Wednesday, February 10, 2010


Perhaps my favorite column in Vogue is “Nostalgia”. The simple title is self-explanatory: the column features poignant memoirs from writers sharing coming-of-age stories revolving around any host of intriguing characters, including elegant mentors, mysterious fathers, and devastating lovers. Ultimately, the main character becomes the author herself, as she grapples with her own dreams, insecurities, and spiritual growth. It is the vulnerable side of a magazine otherwise featuring impeccable ladies who have already achieved an intimidating volume of professional success, cultural intelligence, and ethereal beauty. (And of course, a killer  eff-ing wardrobe).

As a teenager in a small town whose circulation for this particular publication was undoubtedly less than half the staff it took to produce it, I felt a long way removed from the personalities featured on its glossy pages. Wrought with the pressures of fighting my way to a top university from an ambiguous high school and tip-toeing around the social minefield of Wet Seal-clad queen bees, I felt an unlikely kinship with the world of Vogue. I fell into the pages, considering them ambassadors of the highest art, manner, culture, and style. To me, the socials of New York were a breed of real ladies; the flat-chested, doe-eyed models the real standard of beauty; the skirt suits that Karl Lagerfeld sent down the Chanel runway were the real way I and everyone else should be dressing.

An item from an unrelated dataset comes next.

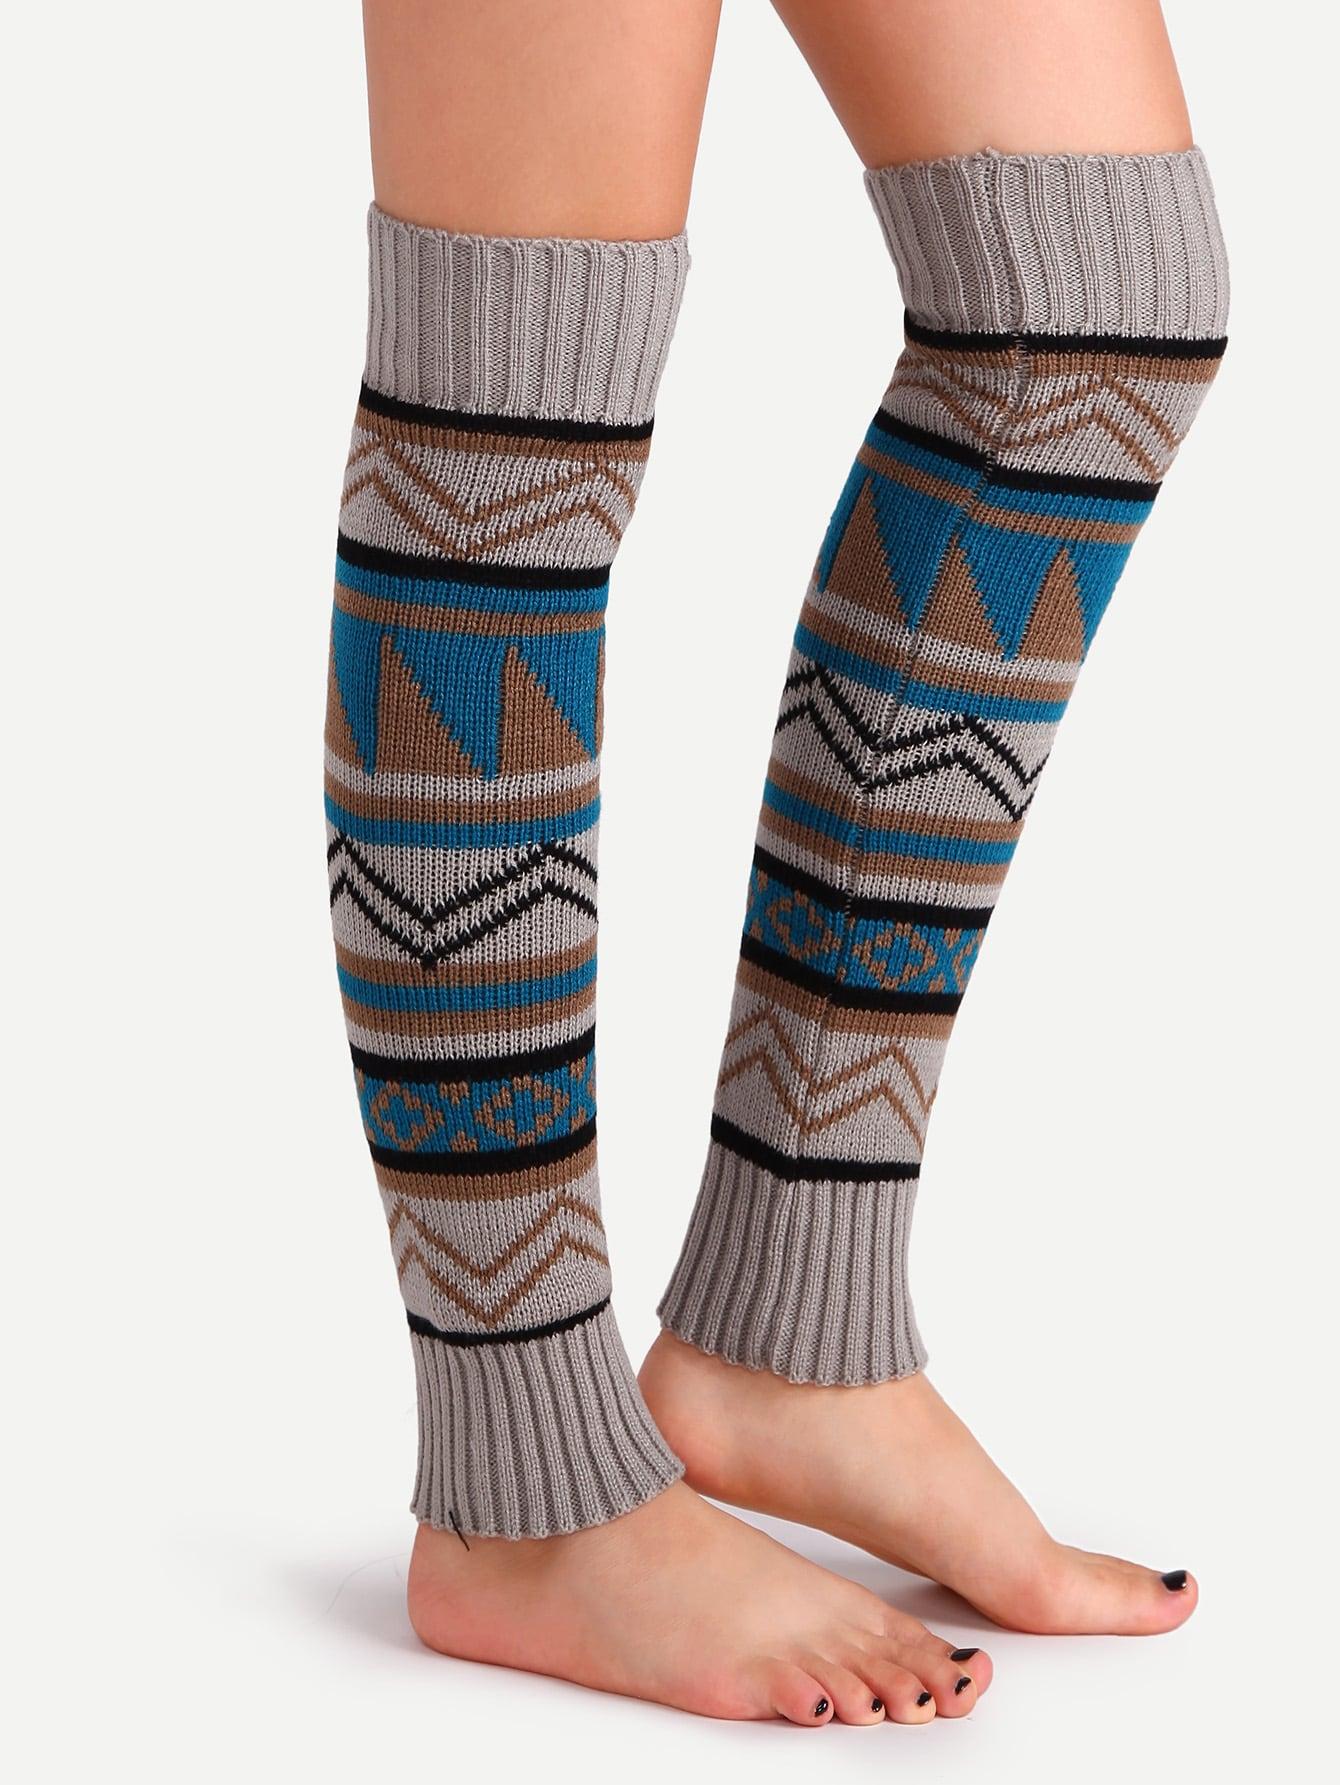 Fall fashion leg warmers How to Wear Leg Warmers KazzTheSpazz

Of course, no fifteen-year-old ever feels they truly fit in normally with the rest of their peers, but my fantasies of haute couture in a world where Abercrombie & Fitch reigned supreme from a mall forty miles away created an even bigger sense of difference. Some days after fourth period I would duck into the library alone instead of going to lunch, pluck the plastic-covered current issue of Vogue from the wooden magazine rack, and spend my free hour at the table opposite a Ham Radio Club meeting, immersed in my fantasy world. I unwaveringly went first to the “Nostalgia” column, where I learned thirstily of Edie Sedgwick, Isabela Blow, Diana Vreeland, and Babe Paley– names unspoken by my TRL-obsessed generation.  But despite revolving around impossibly glamorous girls bubbling about town on hot nights elusive and irretrievable, the stories were simple and honest. I wondered, Would I grow to be so fabulous? And if so, what would I be nostalgic for? Which would I remember as my own irretrievable nights?

I hope we reflect on those days and nights gone by, the simple moments that made us who we are today. Here I will post some of those Vogue columns so salient in my memory, and add some of my own “Nostalgia”. I hope it inspires you to think about your own poignant moments, no matter how simple, that helped you achieve your own dreams, overcome your own insecurities, and come into your own.